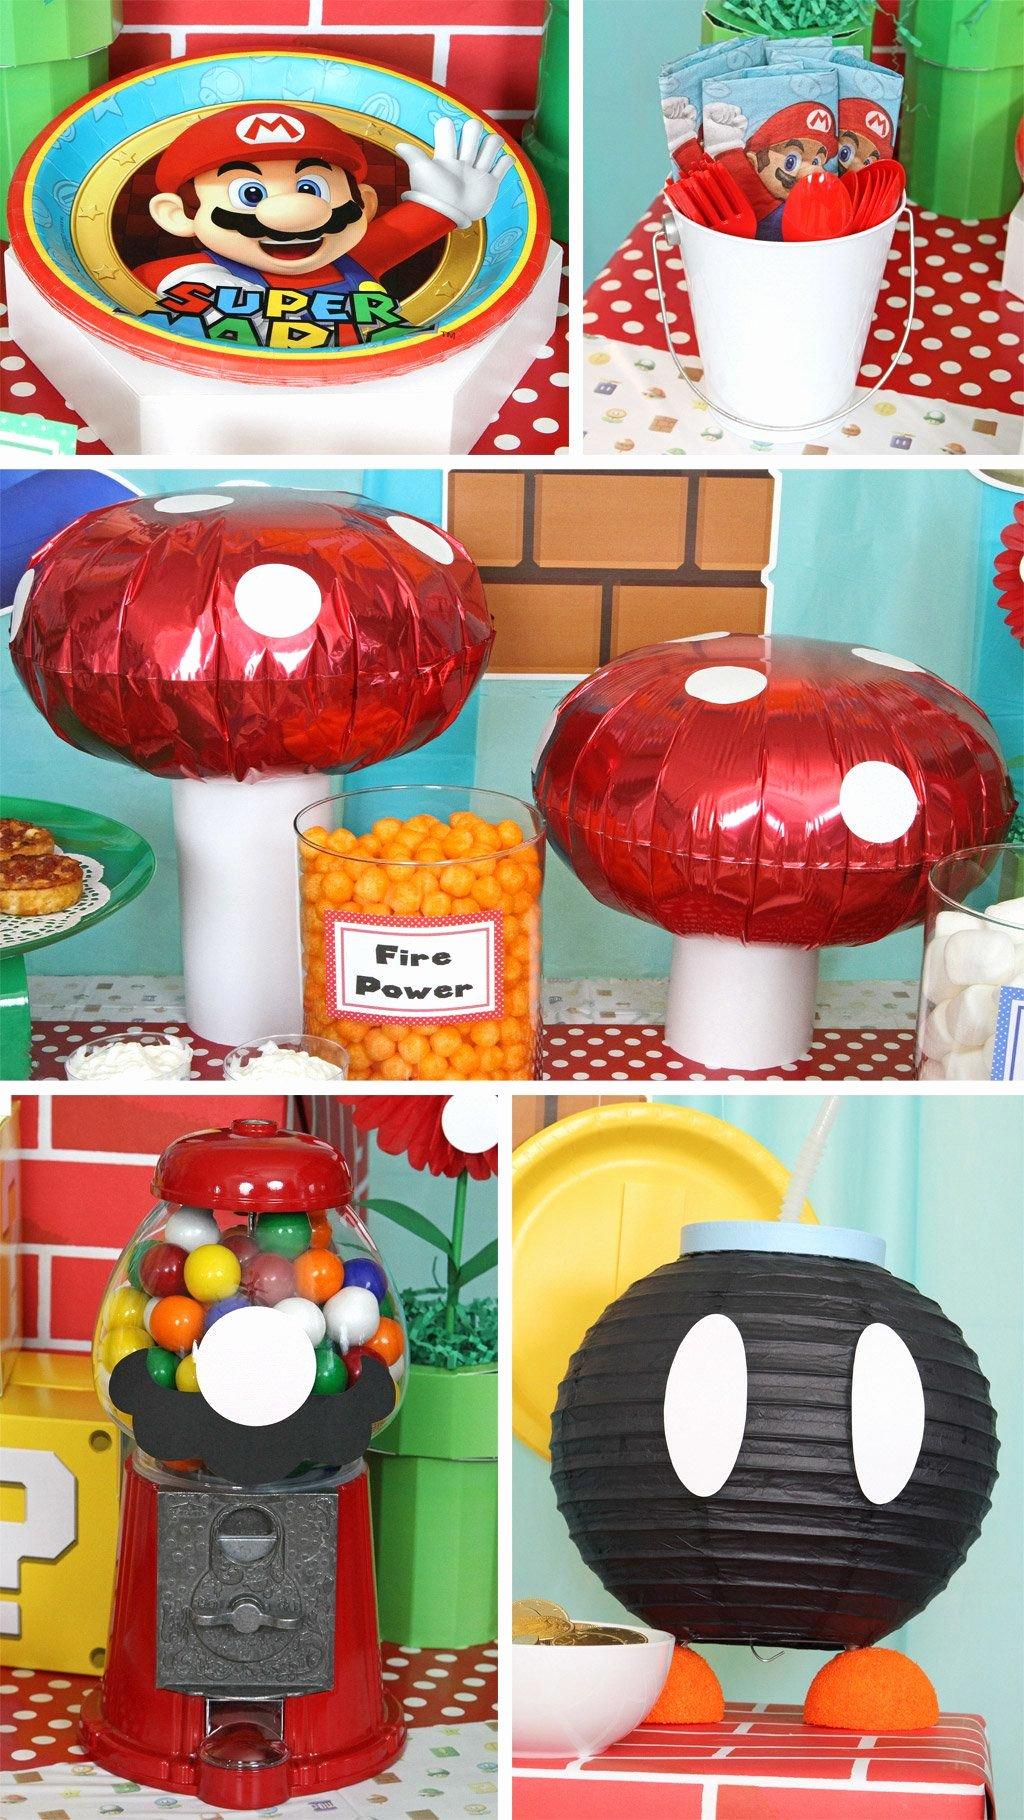 Super Mario Birthday Decoration Ideas Beautiful Super Mario Bros Party Ideas
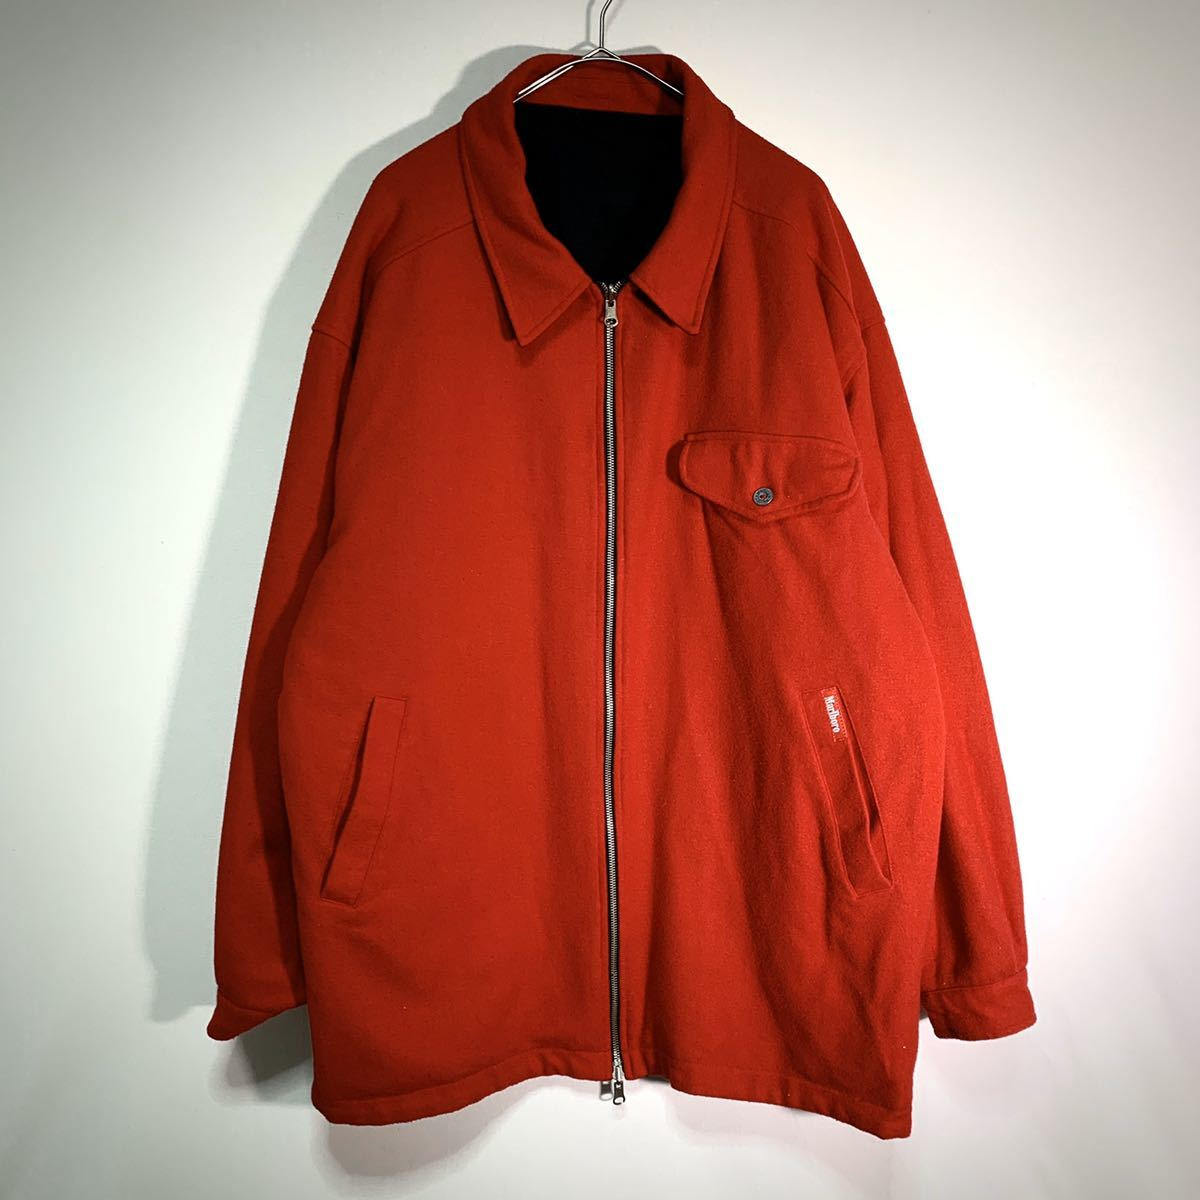 【送料込】90s Marlboro リバーシブル ウール ジャケット XL 黒×赤 ビッグシルエット ジップ マルボロ 80s ビンテージ 古着 オールド_画像10
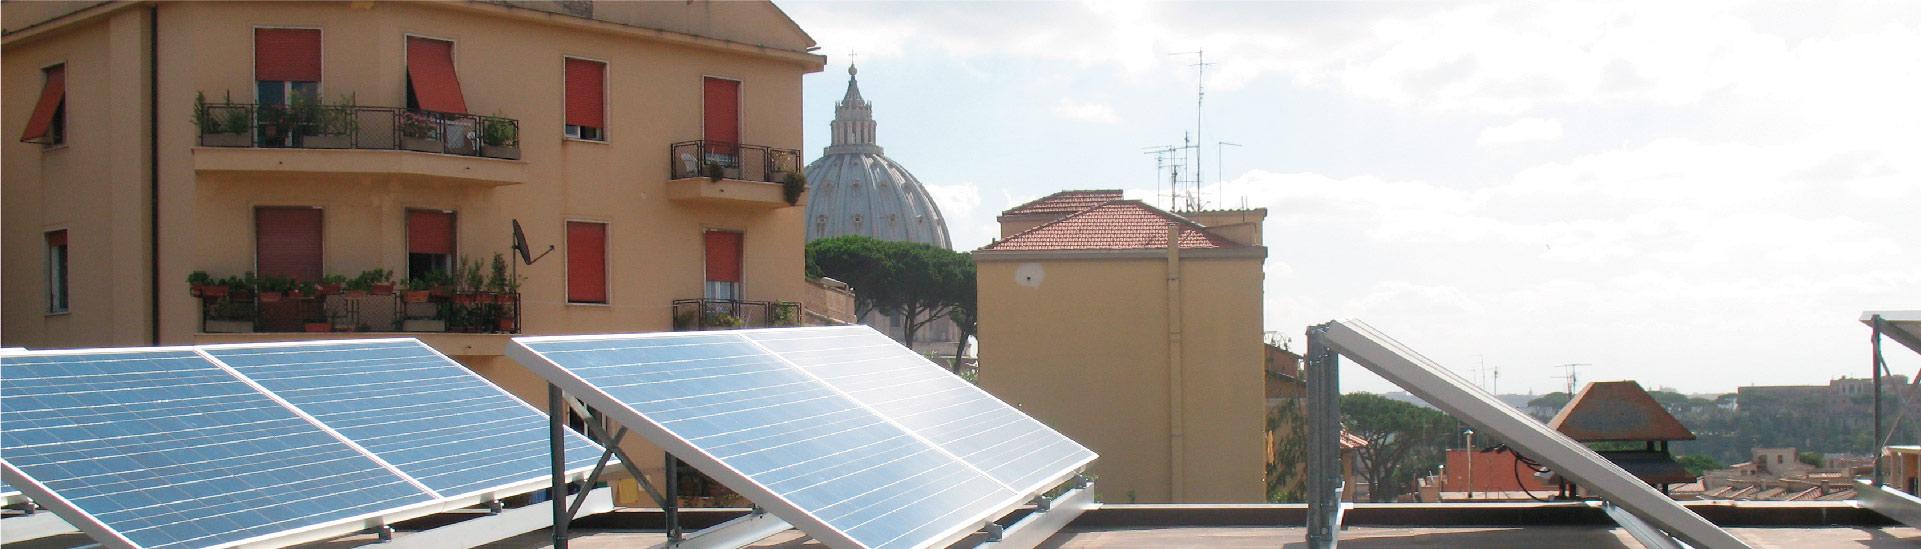 fotovoltaico e termodinamico a Serravalle di Chienti
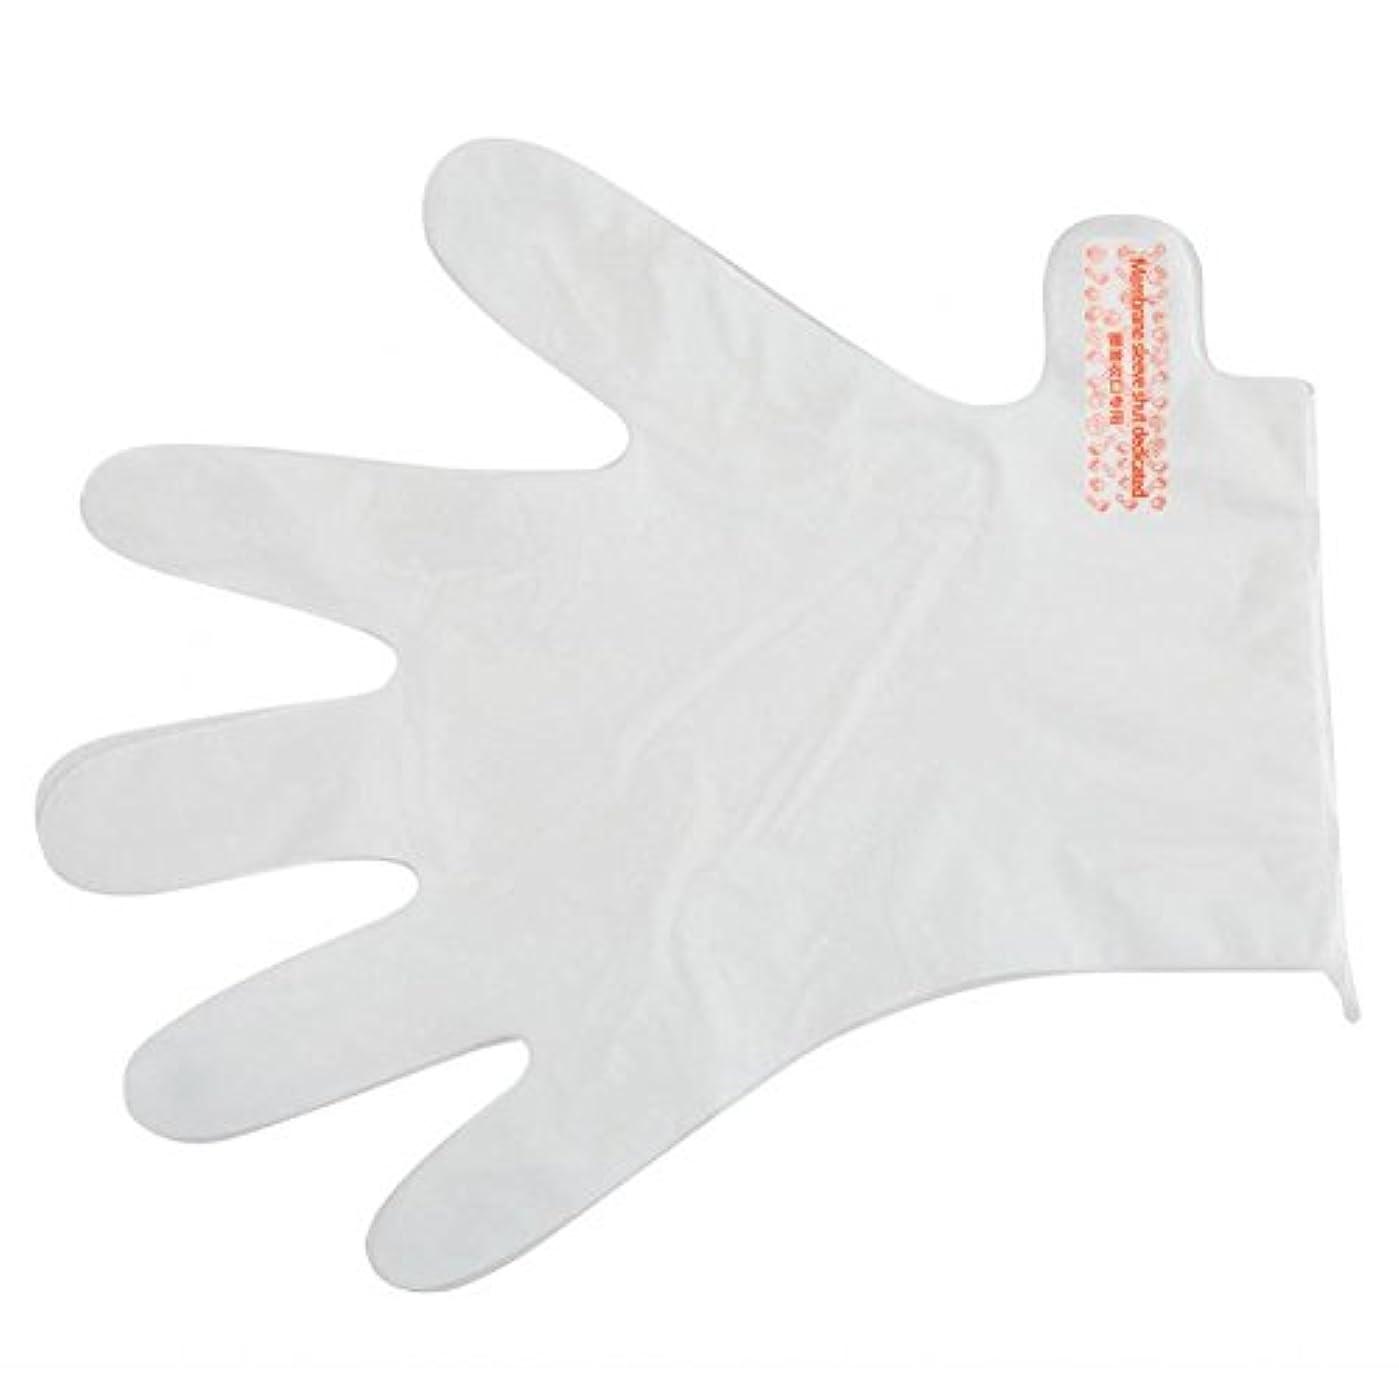 リーダーシップほこりっぽい請願者ハンドマスク ハンドパック 5セット 保湿 美白 手ケア ハンドケア 手袋 乾燥 肌荒れ対策 手 指 潤い ホワイトニング モイスチャー 自宅 しっとり
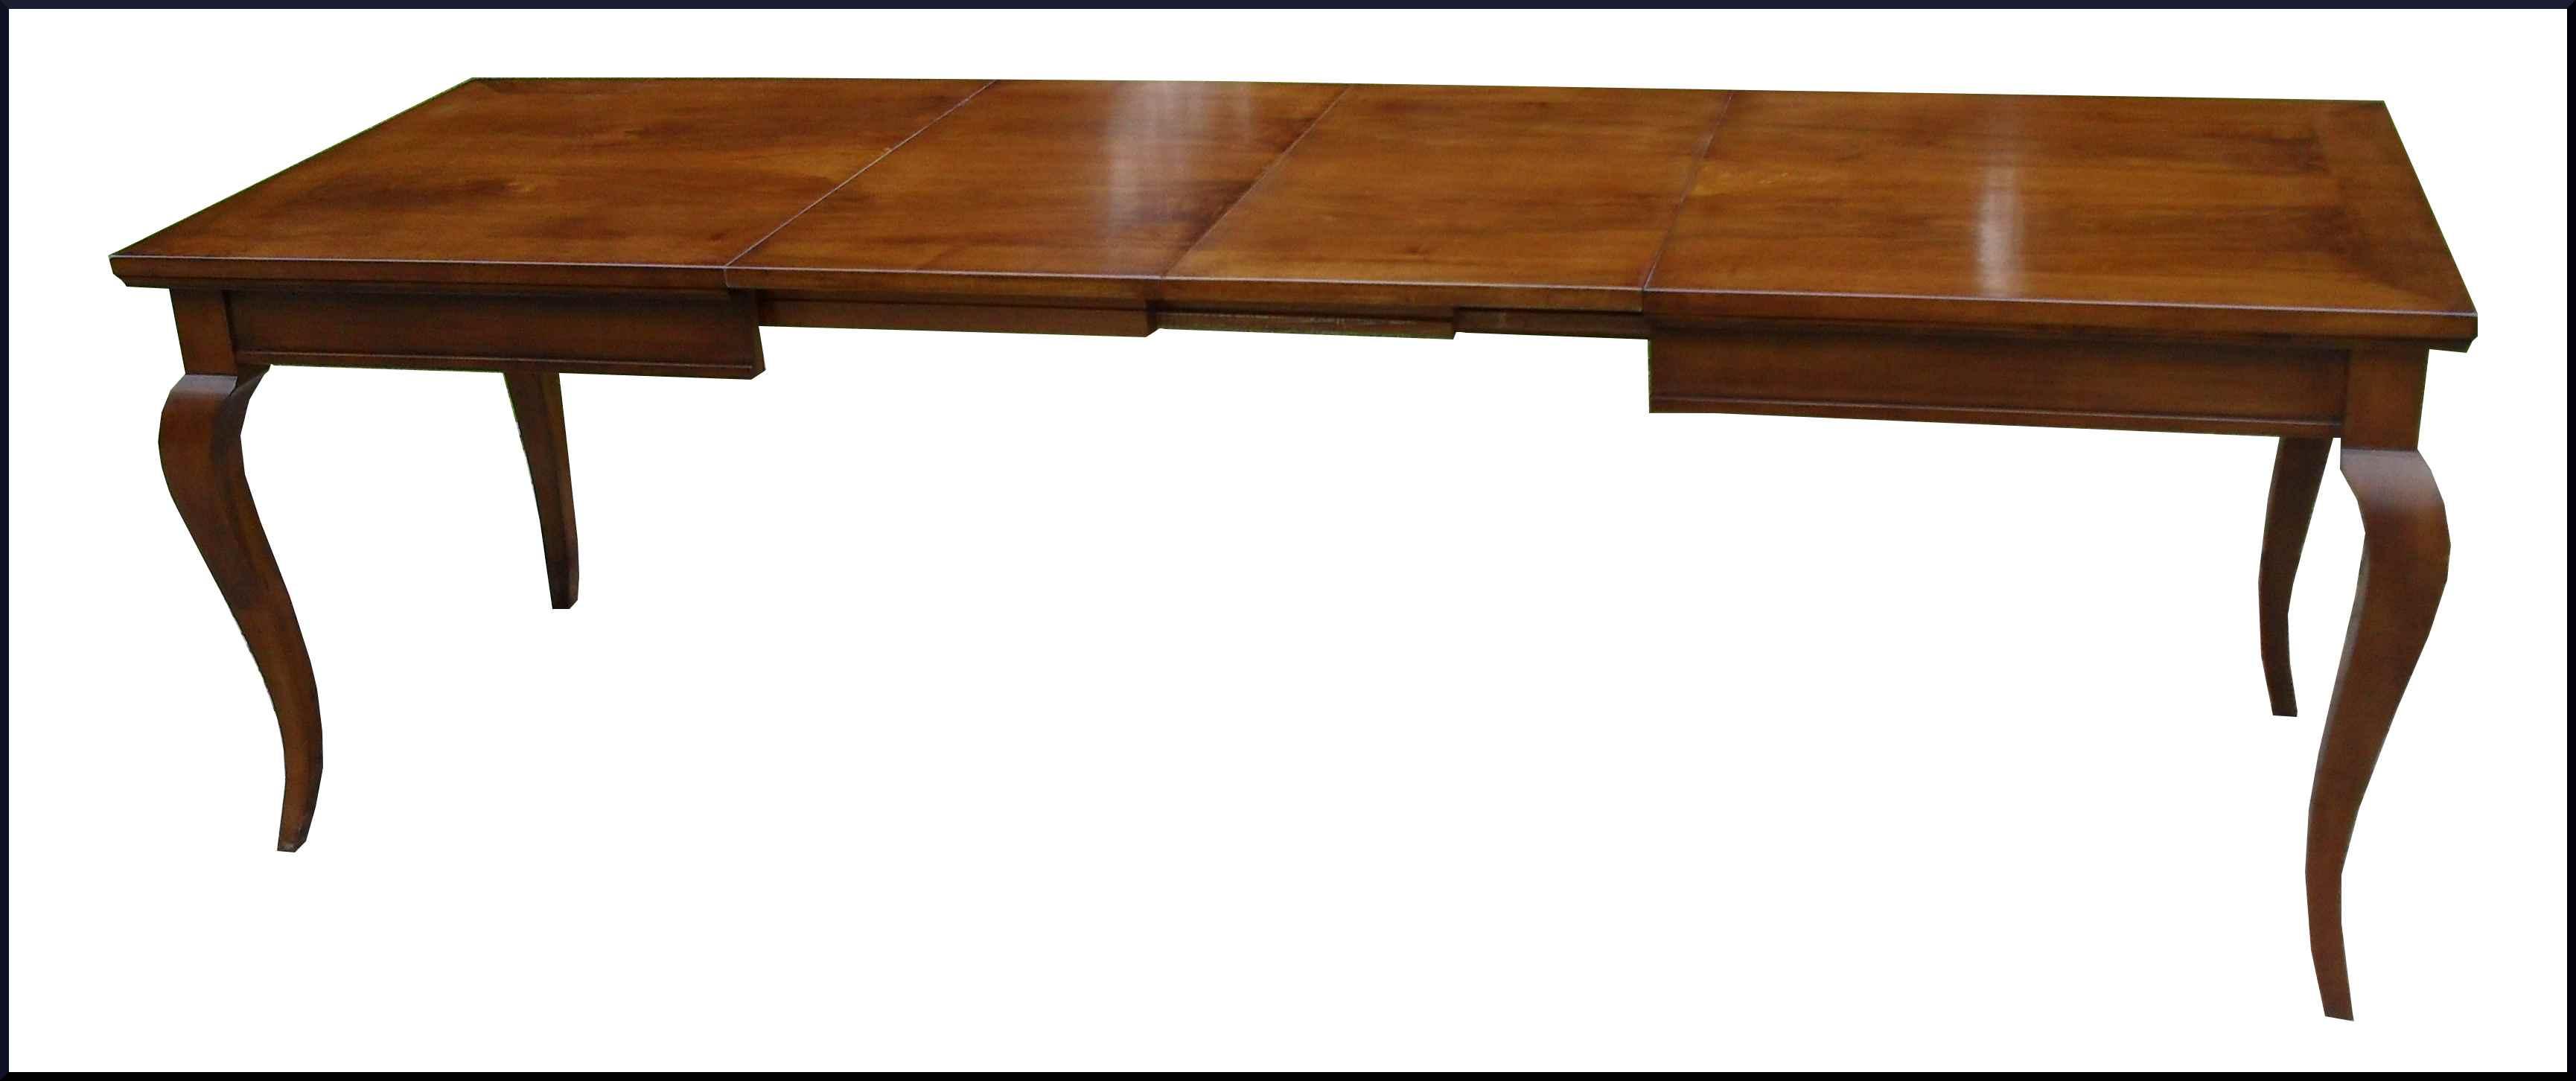 Tavolo classico con intarsio floreale centrale

==============================

▶ Task details
When printing the entries, leave out the images and keep everything else exact.

▶ Task result
 Super Mario Birthday Decoration Ideas Beautiful Super Mario Bros Party Ideas
 【送料込】90s Marlboro リバーシブル ウール ジャケット XL 黒×赤 ビッグシルエット ジップ マルボロ 80s ビンテージ 古着 オールド_画像10
 fotovoltaico e termodinamico a Serravalle di Chienti
 リーダーシップほこりっぽい請願者ハンドマスク ハンドパック 5セット 保湿 美白 手ケア ハンドケア 手袋 乾燥 肌荒れ対策 手 指 潤い ホワイトニング モイスチャー 自宅 しっとり
 Tavolo classico con intarsio floreale centrale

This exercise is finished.